Could a native speaker please tell me how to pronounce the word "berget"? An online translator says: "ba:gә". Is it correct? If so, is this the only way to pronounce it?

Takk.


----------



## sdr083

There's never only one way to pronounce a word in Norwegian 
 The  online translator suggestion sounds strange to me. R isn't usually  silent in Norwegian (though it may be pronounced in several different  ways). Word-final T, howver, frequently is.
 I'd go with something more like  /'bɛɾgә/. Different tones in the East and the West, /ʁ/ rather than /ɾ/ in the south.
Let's see if anyone else has an opinion ...


----------



## Xander2024

Tusen takk, sdr083.


----------



## sdr083

Just realized this word can mean two different  things in Norwegian: 

1. Noun: et berg - *berget *
2. Verb: å berge - berger - *berget*

What I wrote refers to the first interpretation.  In addition to word being pronounced with toneme 1 as a noun and toneme 2  as a verb, I believe the T isn't silent in the second case.


----------



## Xander2024

No, I meant "the mountain" - "berget". I didn't even know the verb "å berge". I do now.


----------



## sendintheclowns

sdr083 said:


> I'd go with something more like  /'bɛɾgә/. Different tones in the East and the West, /ʁ/ rather than /ɾ/ in the south.

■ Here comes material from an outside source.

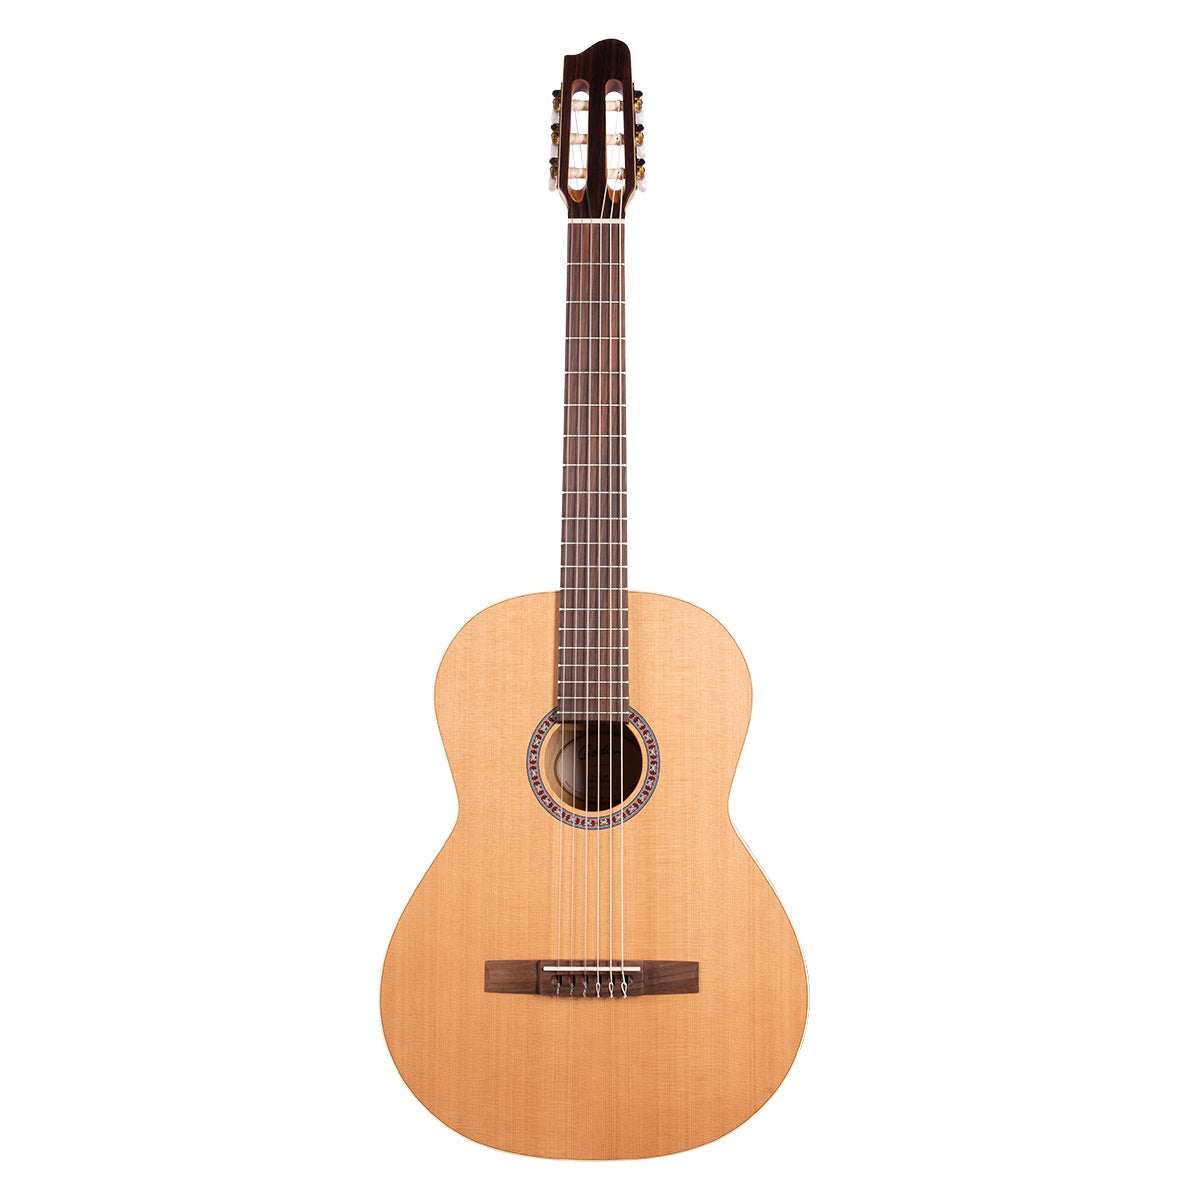 Godin Etude Nylon String Guitar ~ Left Hand, Acoustic Guitar for sale at Richards Guitars.
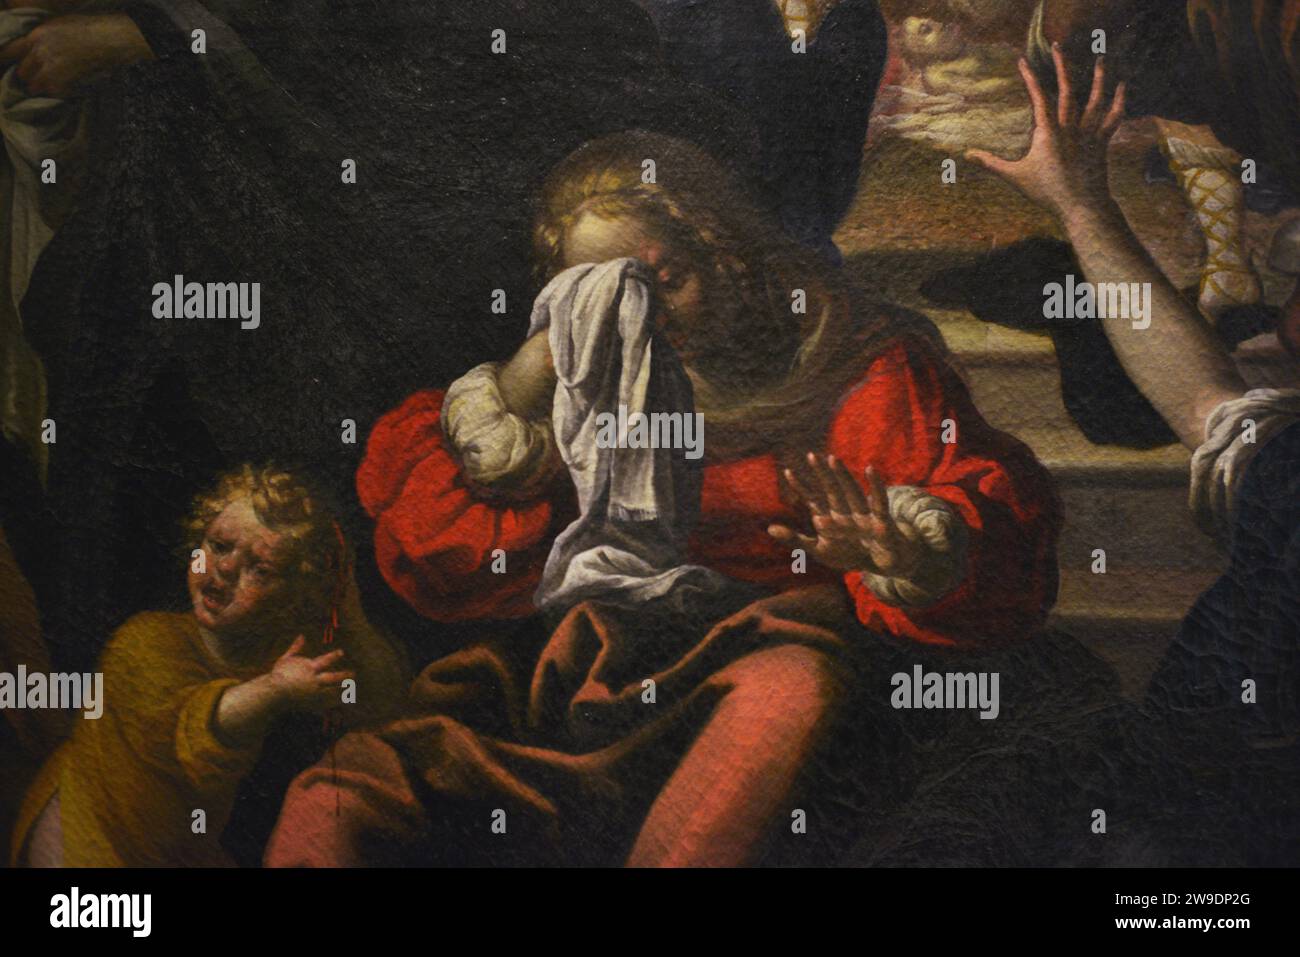 Giovanni Battista Tortiroli (1601-1651). Italian painter. Massacre of the Innocents. Oil on canvas, 1625-1650. Detail. From the church of San Domenico. Museo Civico Ala Ponzone. Cremona. Lombardy. Italy. Stock Photo

I would rather say /'bæɾgә/.


----------



## Xander2024

By the way, what is the /ʁ/ sound like? The German "r"?


----------



## Tjahzi

Yes. It's a voiced uvular fricative/approximant.


----------



## Xander2024

I thought, of all the Scandinavians only the Danes had this sound.  Well, it's because I haven't heard many Norwegian or Swedish dialects, only the main ones.


----------